Application Control Criteria | Trend Micro Service Central

Views:

Configure Application Control criteria that you can then assign to Security Agent policy rules. You can create Allow and Block criteria to limit the applications that users can execute or install on protected endpoints. You can also create assessment criteria to monitor the applications executing on endpoints and then refine the criteria based on the usage results.

Important

You must configure Application Control criteria before deploying an Application Control policy to Security Agents.

Each managed product provides different policy settings that you can configure and deploy to policy targets. You can find a complete list of supported managed products and the policy settings for each in the Apex Central as a Service Widget and Policy Management Guide.

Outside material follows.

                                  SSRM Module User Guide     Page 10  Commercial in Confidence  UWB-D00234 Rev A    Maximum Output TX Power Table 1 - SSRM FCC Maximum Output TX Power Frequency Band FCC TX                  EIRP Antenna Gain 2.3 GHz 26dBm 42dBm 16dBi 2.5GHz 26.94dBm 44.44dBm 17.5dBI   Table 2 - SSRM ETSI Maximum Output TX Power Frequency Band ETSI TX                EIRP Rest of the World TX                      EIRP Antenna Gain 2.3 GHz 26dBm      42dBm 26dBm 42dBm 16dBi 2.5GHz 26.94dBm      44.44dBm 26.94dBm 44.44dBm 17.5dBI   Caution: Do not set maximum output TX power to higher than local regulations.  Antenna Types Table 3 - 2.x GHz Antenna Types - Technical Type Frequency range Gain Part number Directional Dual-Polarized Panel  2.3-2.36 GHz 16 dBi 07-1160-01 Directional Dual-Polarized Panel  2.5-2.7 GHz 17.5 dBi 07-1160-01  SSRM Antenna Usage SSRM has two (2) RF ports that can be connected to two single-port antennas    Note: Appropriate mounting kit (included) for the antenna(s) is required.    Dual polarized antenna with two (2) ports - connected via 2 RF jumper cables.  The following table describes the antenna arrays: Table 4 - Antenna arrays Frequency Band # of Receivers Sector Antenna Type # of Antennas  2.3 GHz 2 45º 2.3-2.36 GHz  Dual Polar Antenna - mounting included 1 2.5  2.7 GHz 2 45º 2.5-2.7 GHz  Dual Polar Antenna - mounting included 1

You can download a PDF version of the guide, or view the guide online, using the following link:

https://docs.trendmicro.com/en-us/enterprise/apex-one-as-a-service.aspx

The following table outlines the tasks available on the Application Control Criteria screen.

Task

Description

Add criteria

Click the Add Criteria drop-down button and select from the following options:

Allow: Click to define Allow or Lockdown criteria

For more information, see Defining Allowed Application Criteria.
Block: Click to define Block or Assessment criteria

For more information, see Defining Blocked Application Criteria.
Copy: Select an existing criteria and click Copy to define new criteria based on the existing settings

Import: Click to select a ZIP package exported from a compatible Application Control source

Note

If the imported package contains criteria names that match preexisting criteria, you have the option to Overwrite existing criteria or Skip the import of the criteria with duplicated names.

Export criteria

Select the check box to the left of existing criteria and click Export to save the selected criteria to a ZIP package (<timestamp>_iACRuleExport.zip)

Delete criteria

Select the check box to the left of existing criteria and click Delete to remove the selected criteria from the list

WARNING

If you selected criteria used by existing Apex One Security Agent policies, you must confirm that you want to delete and remove the criteria from all affected Security Agent policies. You cannot undo this action.

Modify criteria

Click a Criteria Name to modify the criteria settings

Note

Affected endpoints receive modified criteria settings the next time the Security Agents connect to the server.

View policy associations

Click the value in the Target Policies column to display a list of all Apex One Security Agent policies that implement the criteria.

Tip

Click a policy name to open a new browser tab on which you can view or modify the policy settings.